Brigade CEO Matt Mahan

Mahan admits that a potentially fatal wrong turn for Brigade was pivoting its product to “debates” in 2016. “We quickly learned that this level of openness resulted in less substantive discussion, more personal attacks and fewer participants willing to add their voices: the opposite of our goals. By removing too many barriers, debates empowered the loudest and most aggressive voices in the room,” he tells me. The startup course-corrected to focus on making real political impact with petitions and tools for contacting representatives.

By 2018, Mahan realized that “after two election cycles Brigade had not achieved the user scale we know is required to fundamentally transform our politics . . . For a company set up to be a civic moonshot, this was simply not good enough.” Parker’s team did not provide TechCrunch a statement or commentary on Brigade’s decline. The startup’s San Francisco-based engineering team was too pricey for civic tech companies to afford, but those that could pay the steep price didn’t need Brigade’s IP. So after approaching a half-dozen potential acquirers, Mahan split the company, selling the team to Pinterest and the tech to Countable. The cash and stock deal will make Brigade investors shareholders in Countable, and Mahan is taking an advisory role.

To further their contribution to the democracy innovation community, Countable agreed to let Brigade open-source its voter matching software before the sale.
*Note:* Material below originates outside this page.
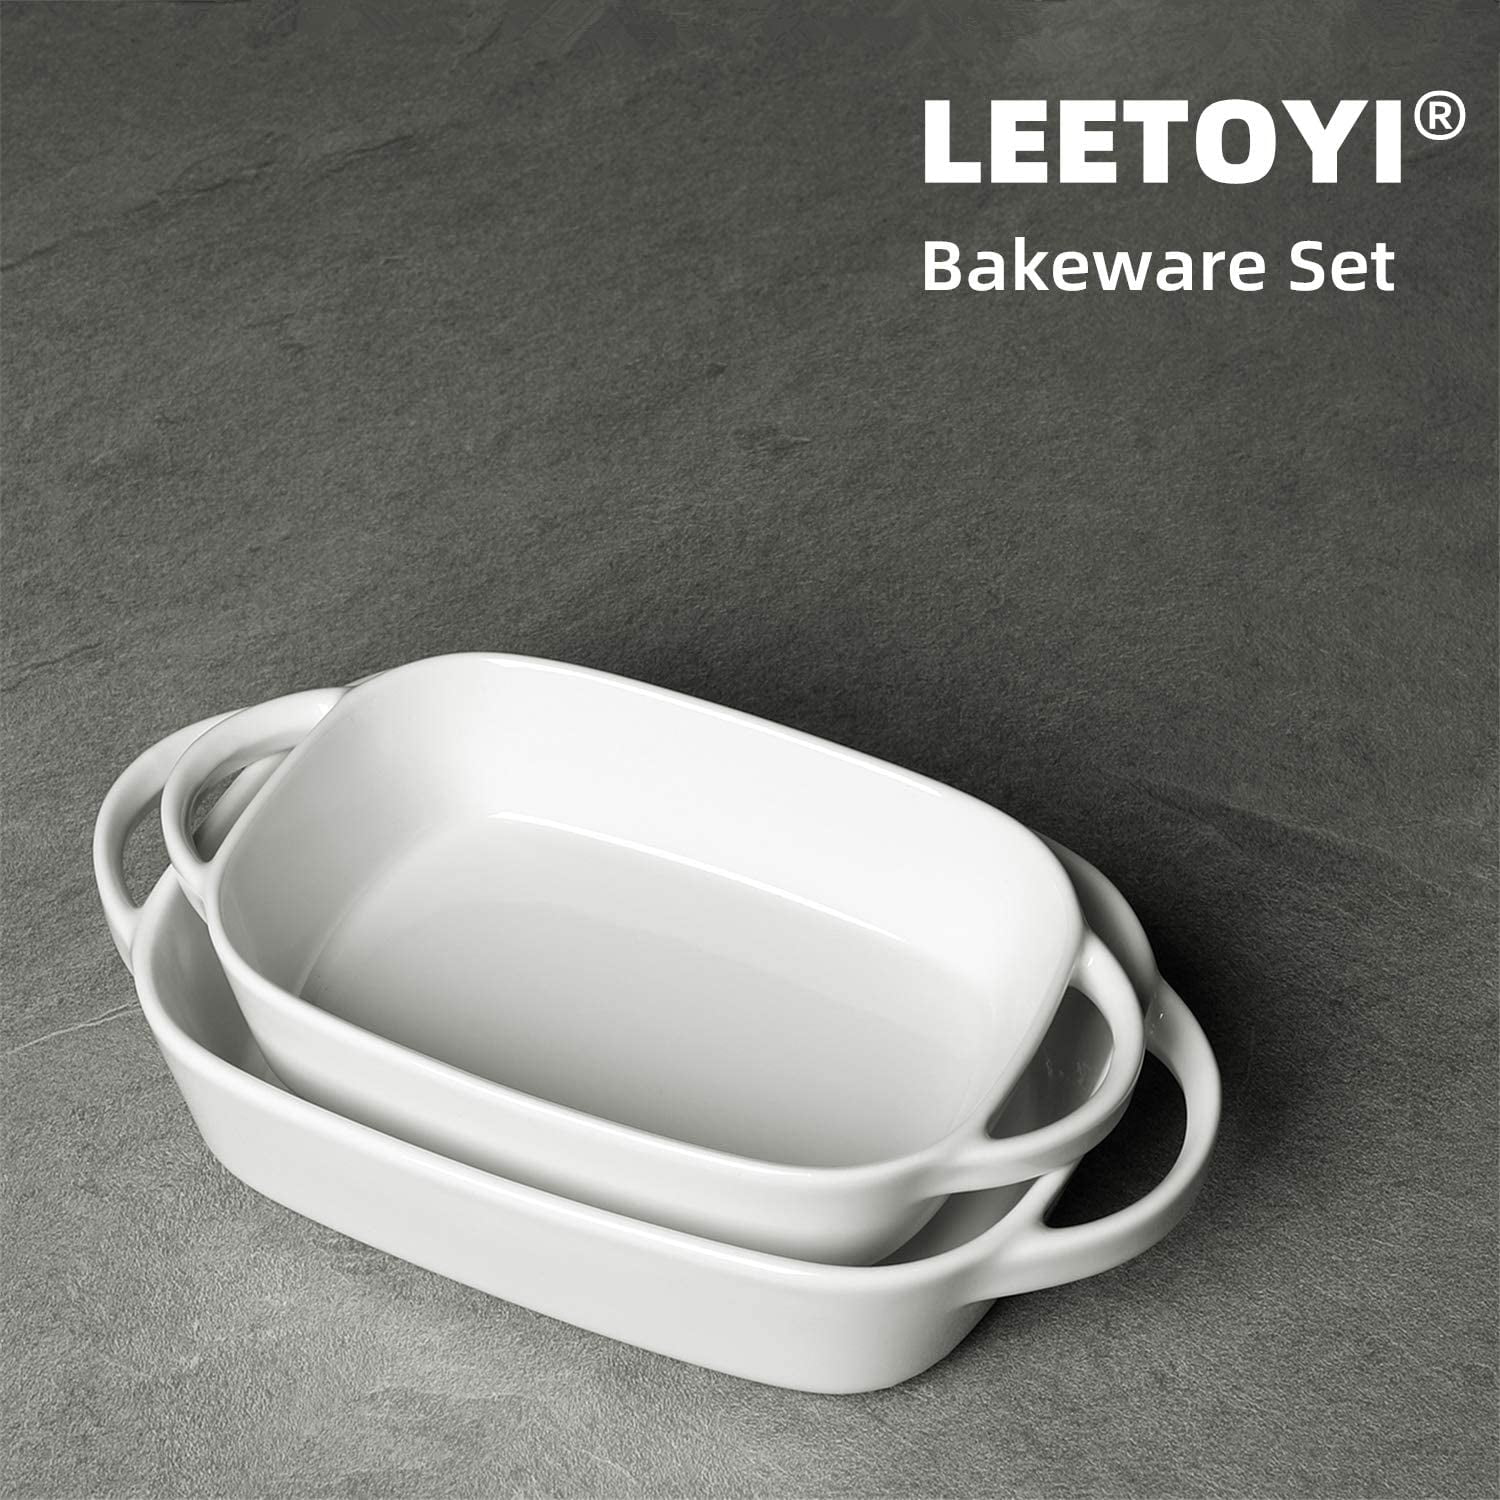 LEETOYI Porcelain Bakeware Set 2 Size Rectangular Baking Dish with Double Handle,Ceramics Baking Pans for Kitchen Cake Dinner,1 or 2 person servings 10.5-Inch/9-Inch White Cooking 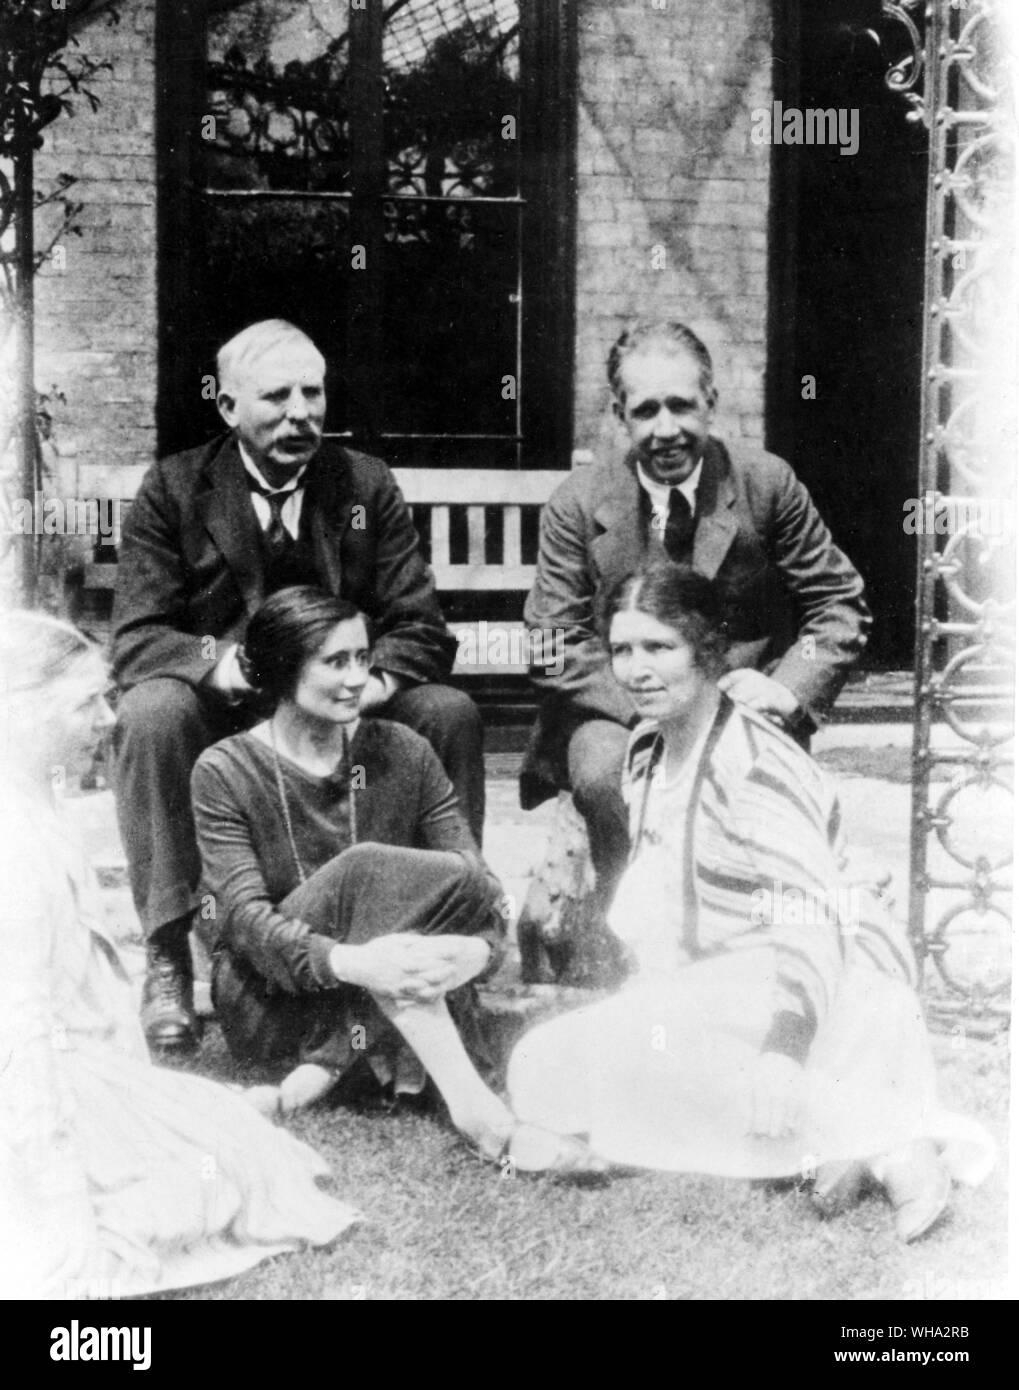 Lord Ernest Rutherford (1871-1937) and Lady Rutherford, Niels Bohr and Mrs Bohr. Rutherford was an English physicist who investigated radioactivity and the structure of atoms. Stock Photo

This allows apps to tie a user to their official voting record to offer personalized features, like reminders of upcoming elections, petitions for local issues and ways to contact their elected officials. Seth Flaxman, the CEO of civic tech software developer Democracy Works, which built TurboVote, says, “This is extremely difficult technology to build and can help TurboVote determine which of our 6 million users needs more help registering to vote. They are passing the baton, making it possible for nonprofits like ours to build off their progress.”

Countable

But there was one more loose end to tie up. Causes sucked in a ton of Facebook user data in the early days of the platform before restrictions were put in place (too late to stop Cambridge Analytica). So Mahan tells me, “Brigade proactively reached out to Facebook and worked with them and a third-party consultant to conduct a comprehensive review to identify and delete user data that was not essential for providing the existing app experience. In all, we deleted billions of rows of data that ethically we felt should not be transferred.”

As one of the most well-funded civic tech startups, Brigade’s breakup could cast a shadow on the space that includes MoveOn and Change.org. Consumer-focused apps for improving democracy are tough to monetize. It may fall to more sustainable democracy-focused startups like grassroots mass-texting app Hustle or nonprofits like Avaaz to arm the public with the equipment and knowledge necessary to participate in the political process. Given the deep polarization and animosity between nations’ political parties around the world, we need all the tools to amplify truth and civility we can get.